Society might have metamorphed from the referential window of structuralism, post structuralism and on to deconstruction, but the museum visitor remains the same. Unless you are a post-modern professor of museum studies or art history, you will enter a museum as a space that will provide you entertainment, a bit of education and a place to relax with the entire family. A commonly observed behaviour among visitors in a museum is the tendency to ‘group’ together or ‘herd mentality’ as I call it. Families move together viewing each object collectively, with the wife always on the periphery.
At best, what a museum can hope for in its visitors, is the surfacing of an inherent aesthetic gene that I believe is inherent in every individual – class, education, geographical and cultural background no bar. Curators and museum educators should focus on familiarising visitors with objects on display and their cultural contexts, and allow visitors to make up their minds about its sociological import. As far as art galleries are concerned, they don’t even have to think of such issues. However, rampant commercialisation and favouritism are the plagues of the art world. Who gets seen, who gets sold and which artist’s legacy survives is all determined by the gallery with the biggest budget and the right connections with the media and the social circuit.
Another issue that I have not explored in this review is that of gender representation. Do we ever stop and think about the author of artifacts displayed in a museum in terms of gender? If most of the historical objects that have survived the onslaught of time have been created by male artists and their atelier, how do we find evidences of women artists? Where is their work represented? Do museums ever make a conscious effort to display artifacts created by women? What are the subjects of such work? Are the subjects gendered in nature? Moreover, we also need to understand how the female gender looks at an artifact, when allowed the freedom of the gaze.

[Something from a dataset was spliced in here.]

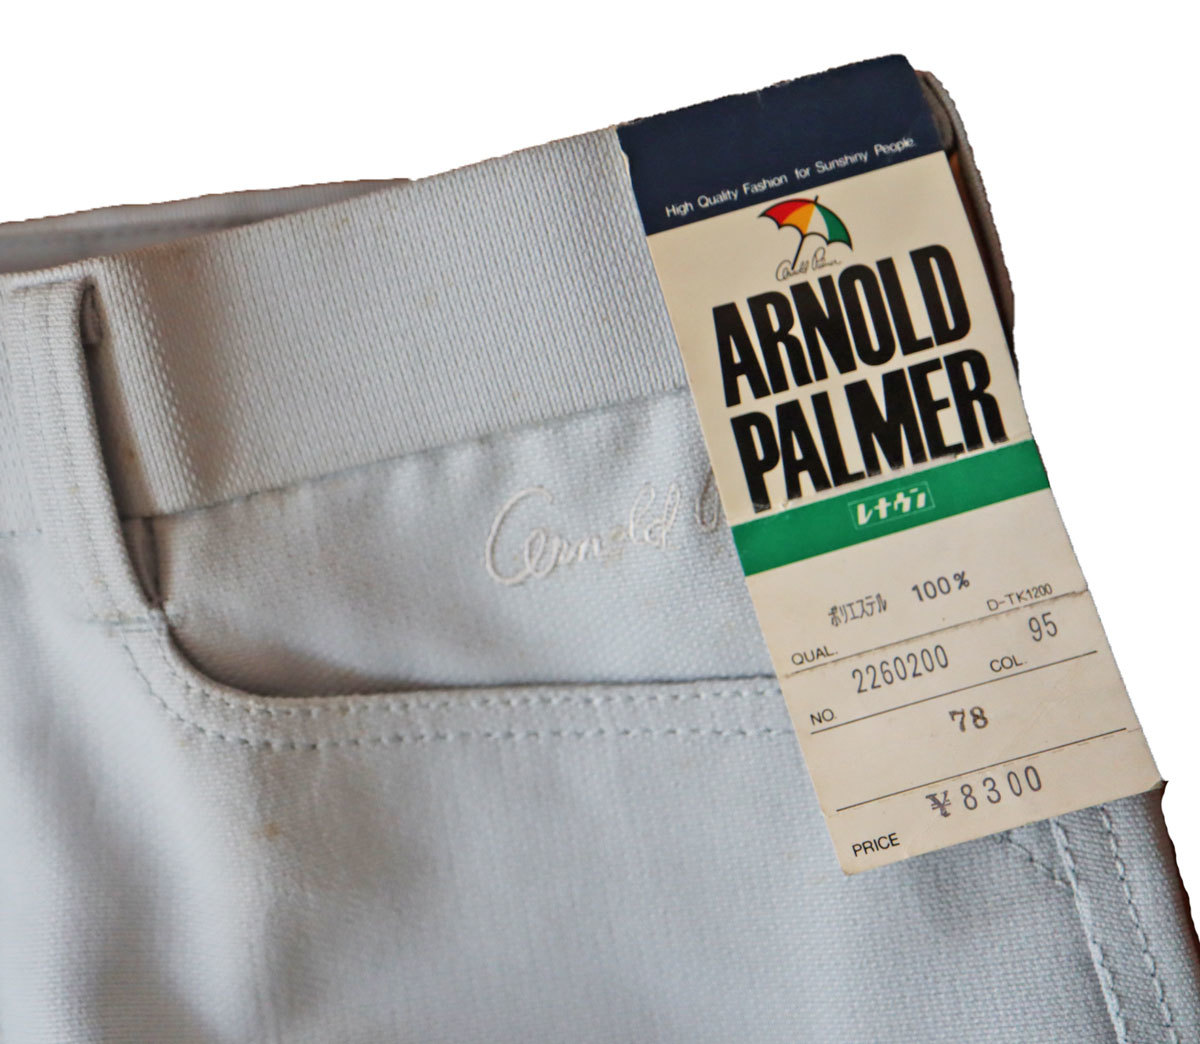 rmp1560-78 Showa Retro Arnold Palmer джентльмен одежда мужской слаксы брюки низ весна осень талия 78 серый .. есть новый старый товар

As for an art gallery, – do the works exhibited show any kind of gender parity or partiality? Are they a-gendered because of a certain post-modernist tendency to view art works as points of individuality and not gender?
Imagine if a cartoon of Britney Spears is the only thing that survives from the vast repertoire of comic strips, hundred years hence. Do you think that people in 2100 would see that comic strip in a gallery of an American museum and consider Spears as the single most influential pop icon of the 21st century, or even of the modern era?
Consider what Eilean Hooper-Greenhill has to say: “It is becoming clear that museum curators have worked from within their own world views and have assumed that visitors share the values, the assumptions, and the intellectual pre-occupations that have guided not only the choice and presentation of exhibitions, but also, fundamentally, the selection and acquisition of objects.”
As the opportunities and demand for exhibitions have increased, so too has the need for a broader understanding of where exhibition ideas come from, how exhibitions are developed, what the choices are with regards to approach, who makes these choices, what exhibitions cost and what benefits can reasonably be expected from exhibitions in terms of engaging the public, creating new knowledge and the impact on museum finances. How does exhibition making keep pace with the escalation both of discipline-based research and public expectations for involvement, information, entertainment and accountability?
For the very same reasons, we need to ‘view’ museum exhibitions with a bit of objectivity. These objects are chosen for display by curators, who come with their own idiosyncrasies, prejudices and worldview and therefore, might not be able to provide all visitors with the one Truth. In such a context, I am left confused as to whether art galleries can be compared objectively and point to point to a museum on the same parameters.